Even though optimism is up, you don't operate your large corporate
office or plant on optimism. Your facility and the employees
it houses are supported by well earned cash. What better time
then than now to hold onto more of that cash? Do the unthinkable.
Move!
A relocation of your large facility or headquarters to a
region like the American South, where wages can be half of
what you're paying say in California, Washington, Colorado,
Illinois or the Northeast, is most likely a task you have
considered, but not seriously. Yet, as a result of more than
two years of a stick-in-the-mud economy, more corporate and
industrial relocations have been made to the South than at
any time in recent memory. The reason? Economic conditions
have forced many companies to find every possible way to cut
costs. A move to the South, while difficult in the near term,
is a major long term cost cutting move.
Philip Morris USA just did it. They are moving their corporate
headquarters from New York City to the former Reynolds Metals
corporate complex near Richmond, Va. The new headquarters
will create 450 jobs and Philip Morris will invest millions
in the move. It's safe to say Henrico County, where the headquarters
will be located, the City of Richmond as well as the State
of Virginia are doing everything they can to assist Philip
Morris with the move. That includes tens of millions of dollars
in assistance.
Philip Morris had been courted by Richmond officials for
years without success. So why did the company make the move
in 2003 after years of telling Virginia's Capital City "no?"

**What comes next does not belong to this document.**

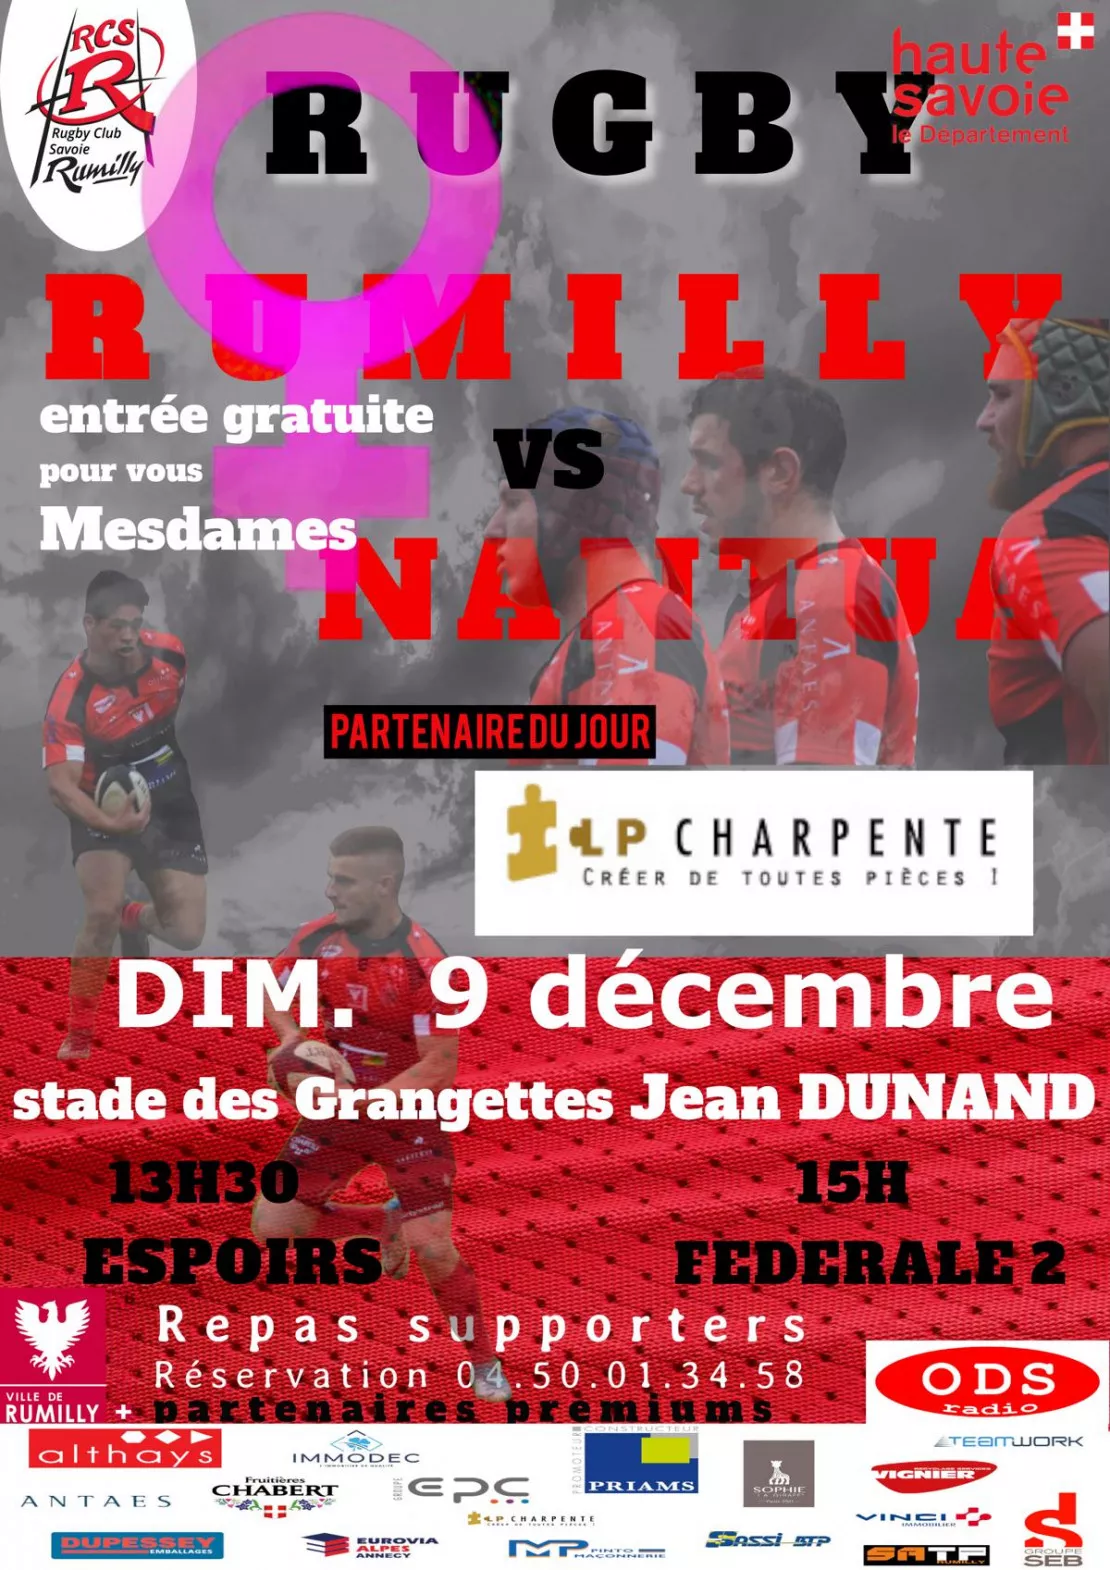 PARTENAIRE - Match du Rugby club Savoie Rumilly
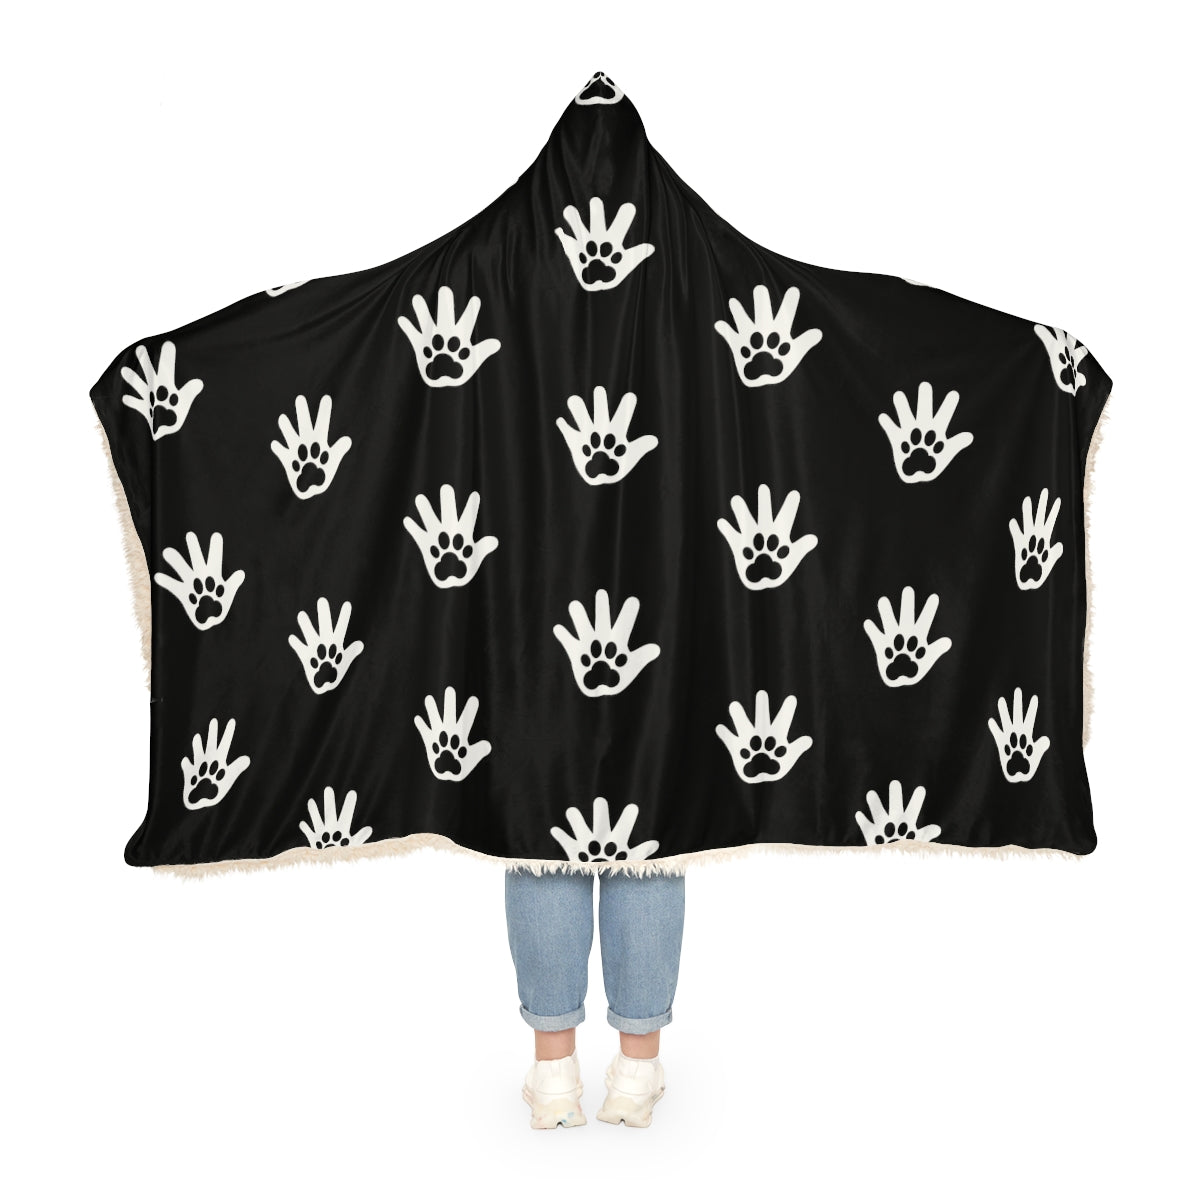 Paw n' Hand Snuggle Blanket - Black

I would surmize that an economic environment like we have
today makes the South look a whole lot more inviting to Philip
Morris than what it looked like during the bubble years. I
mean, who cares if you're spending double what it costs to
operate in the South if the money barrels keep rolling in
by the truck load? Of course, times change.
Fortune 500 company Newell Rubbermaid is moving its corporate
headquarters to the Atlanta area from Ilinois. And in the
spring quarter, Boeing officials announced they were moving
the company's Future Combat Systems division (550 jobs) from
California to St. Louis. Also in the spring quarter, Fidelity
National Financial became the poster child of the bite-the-bullet-cost-cutting
move. Citing significantly lower costs, Fidelity announced
a relocation of its headquarters from Santa Barbara, Calif.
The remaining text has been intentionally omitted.